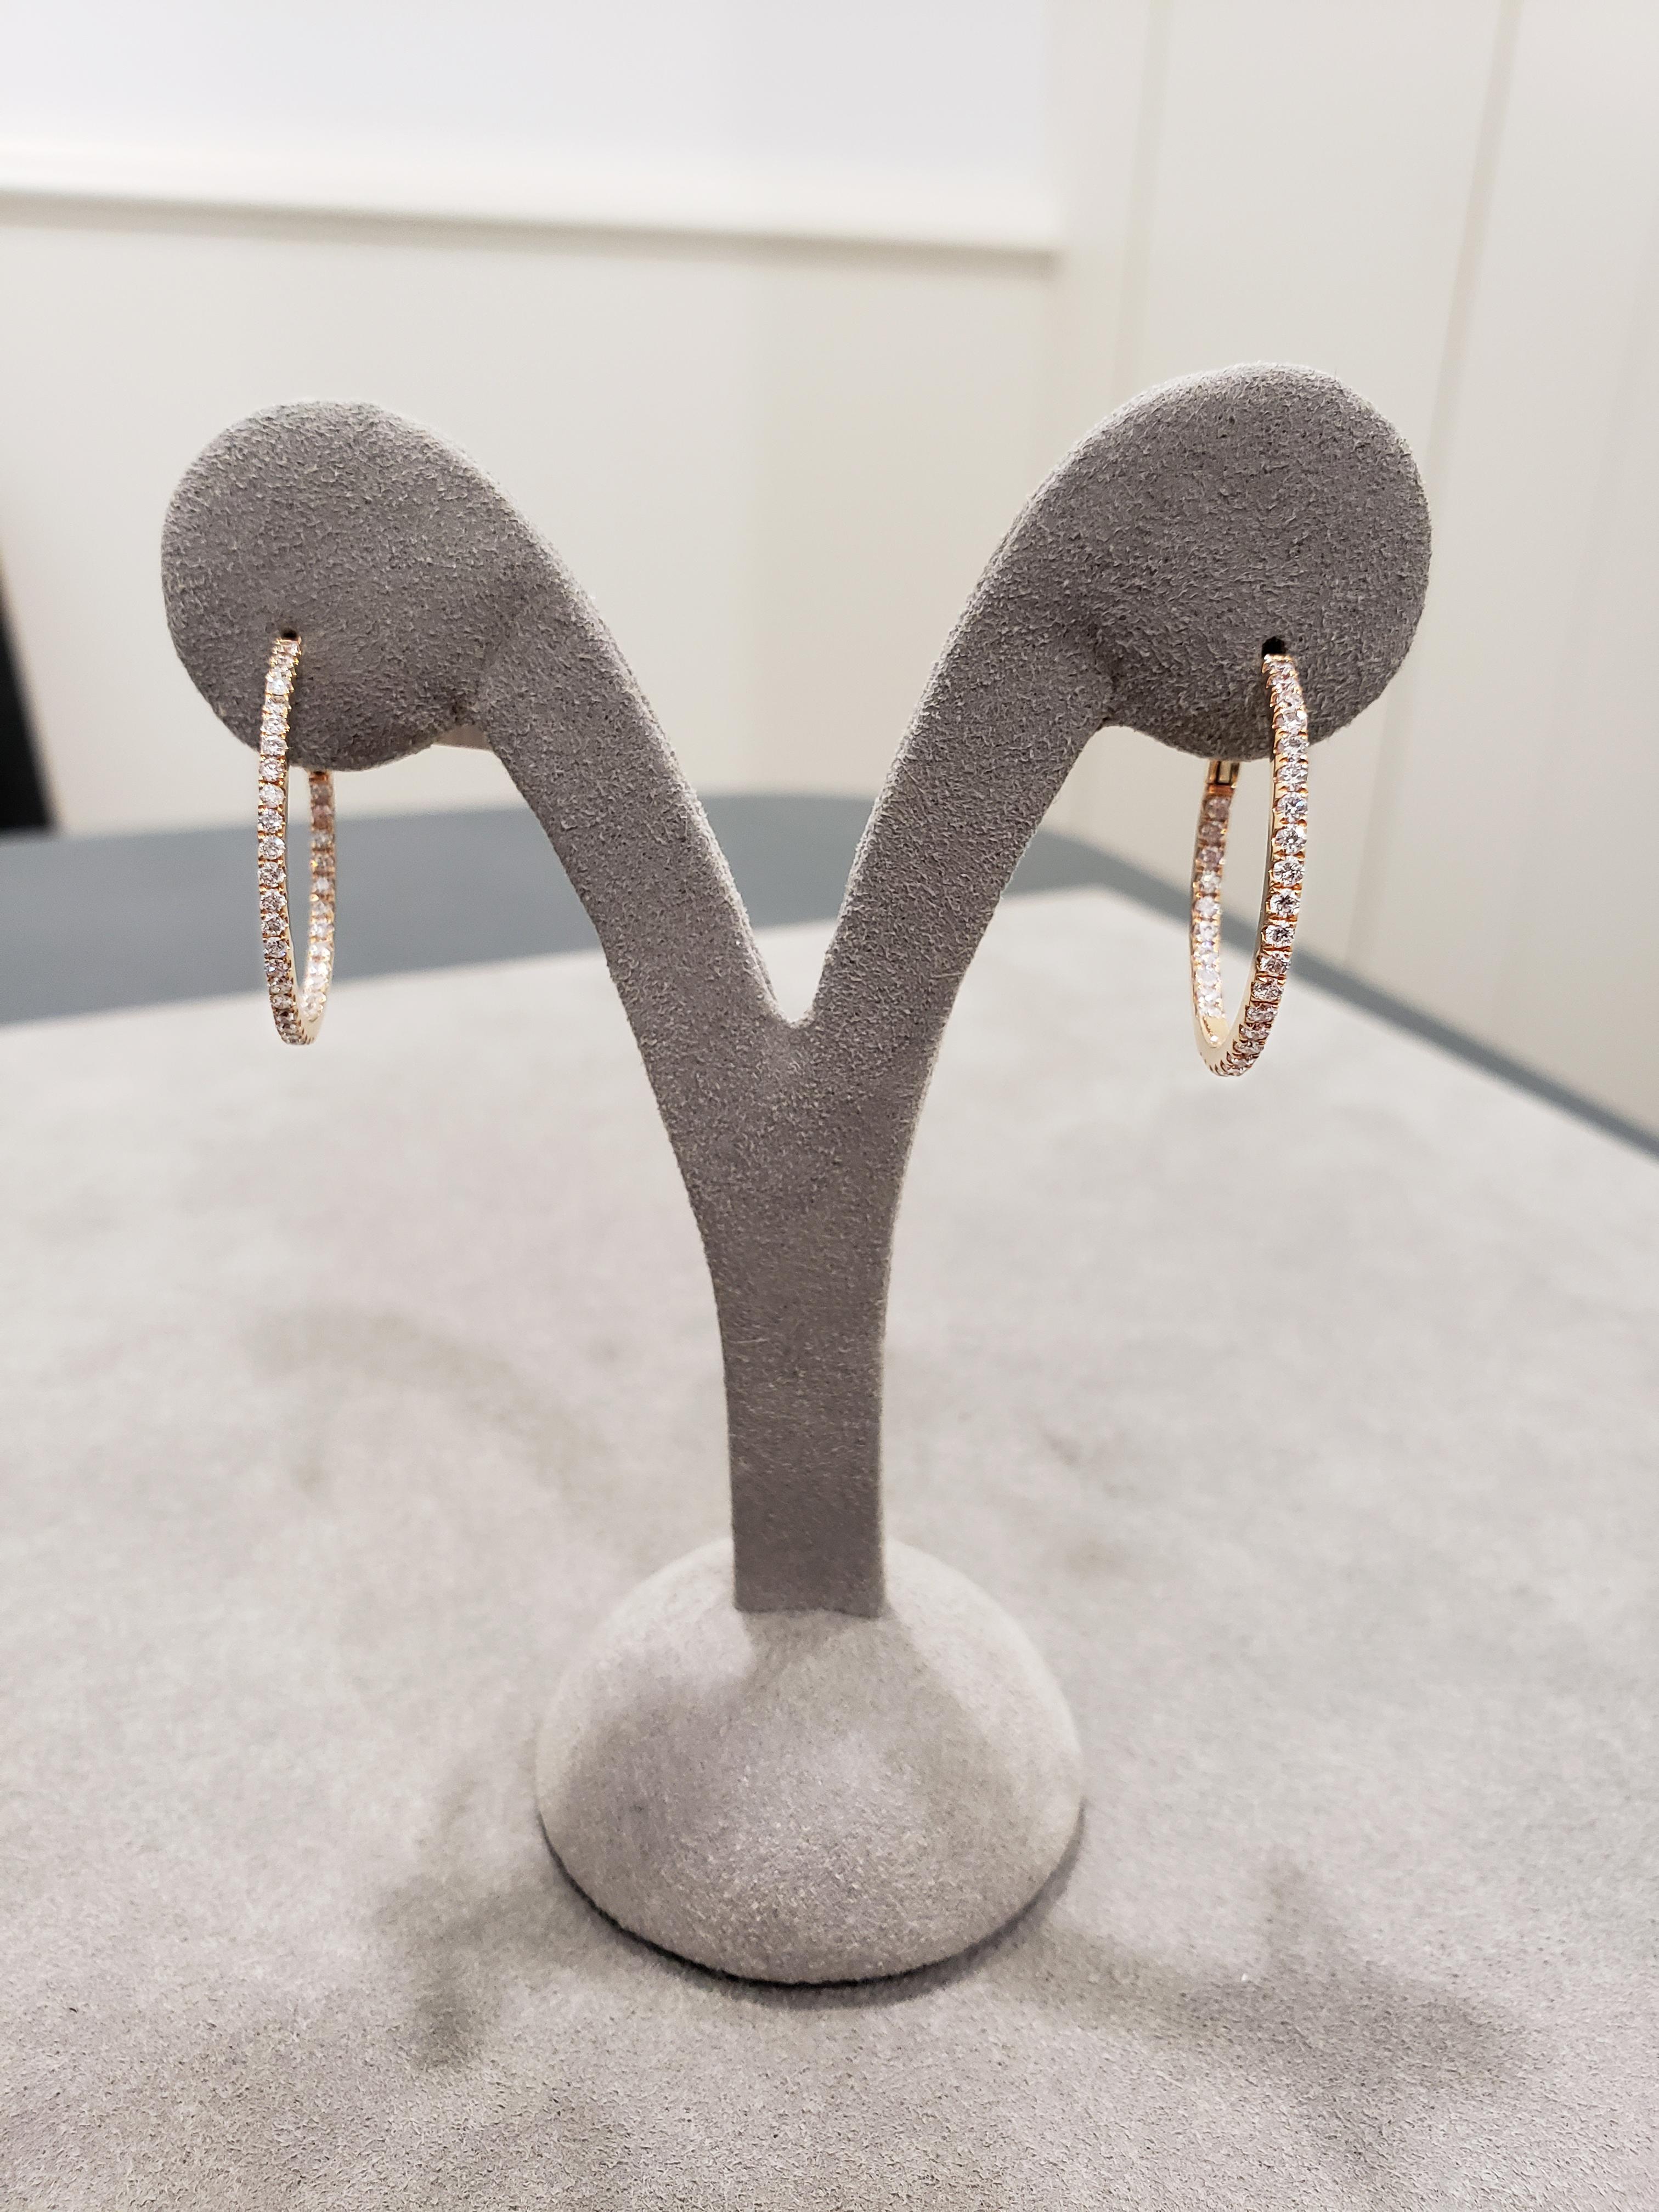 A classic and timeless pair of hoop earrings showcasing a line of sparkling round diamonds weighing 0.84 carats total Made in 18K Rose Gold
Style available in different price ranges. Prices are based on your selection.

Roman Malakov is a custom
···
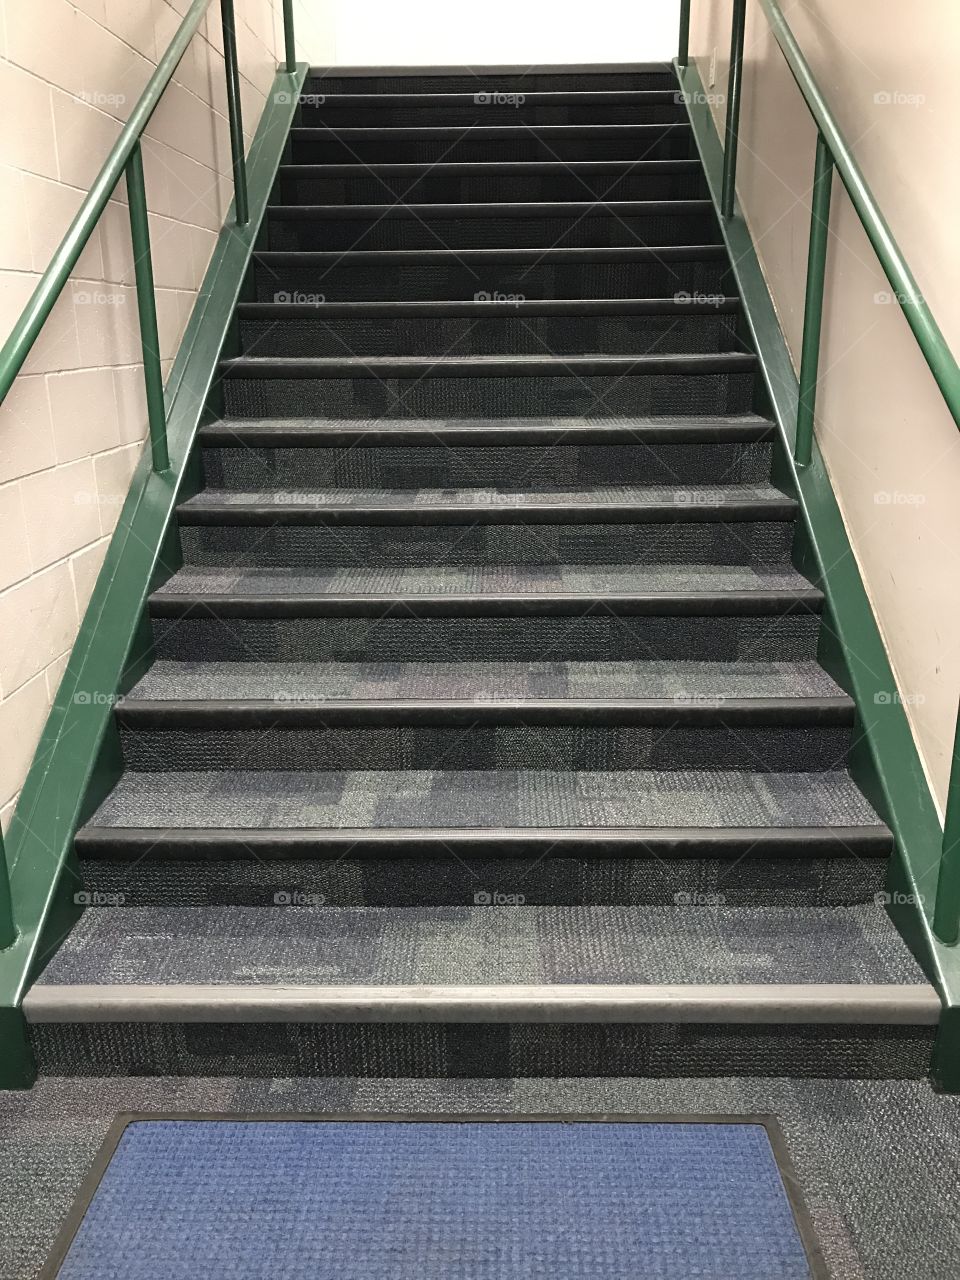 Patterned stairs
···
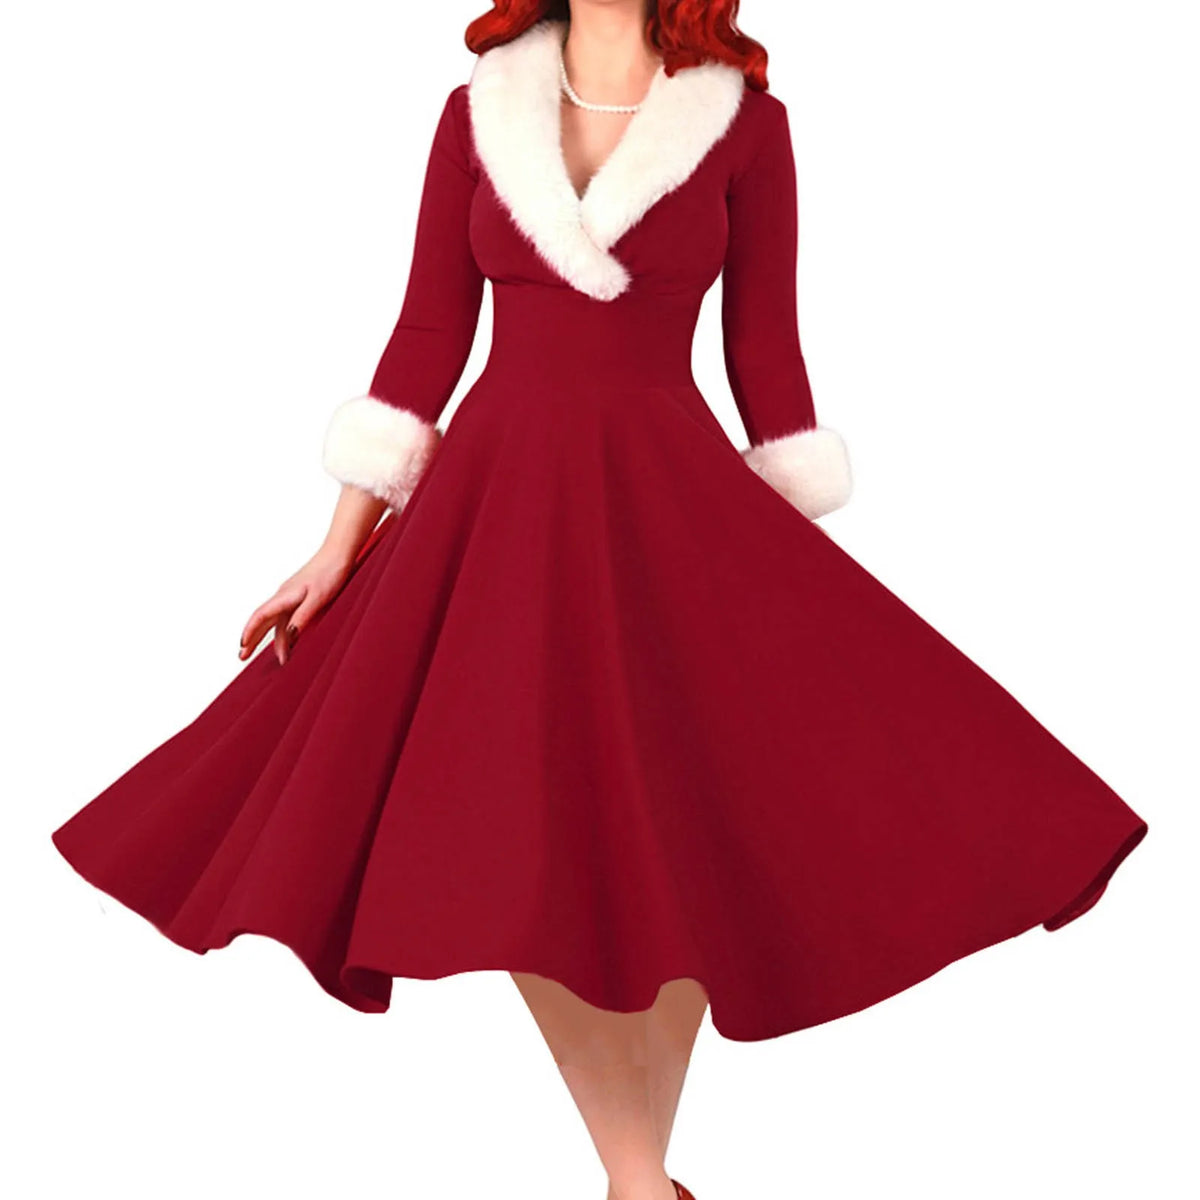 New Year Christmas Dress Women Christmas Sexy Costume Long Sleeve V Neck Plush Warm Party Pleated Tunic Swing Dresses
···
▶ [Task objective]:
From the material above, reproduce only what runs from the line holding "A classic and" down to the line holding "Roman Malakov is a custom", both included, pictures excluded.

▶ [Written solution]:
 A classic and timeless pair of hoop earrings showcasing a line of sparkling round diamonds weighing 0.84 carats total Made in 18K Rose Gold
Style available in different price ranges. Prices are based on your selection.

Roman Malakov is a custom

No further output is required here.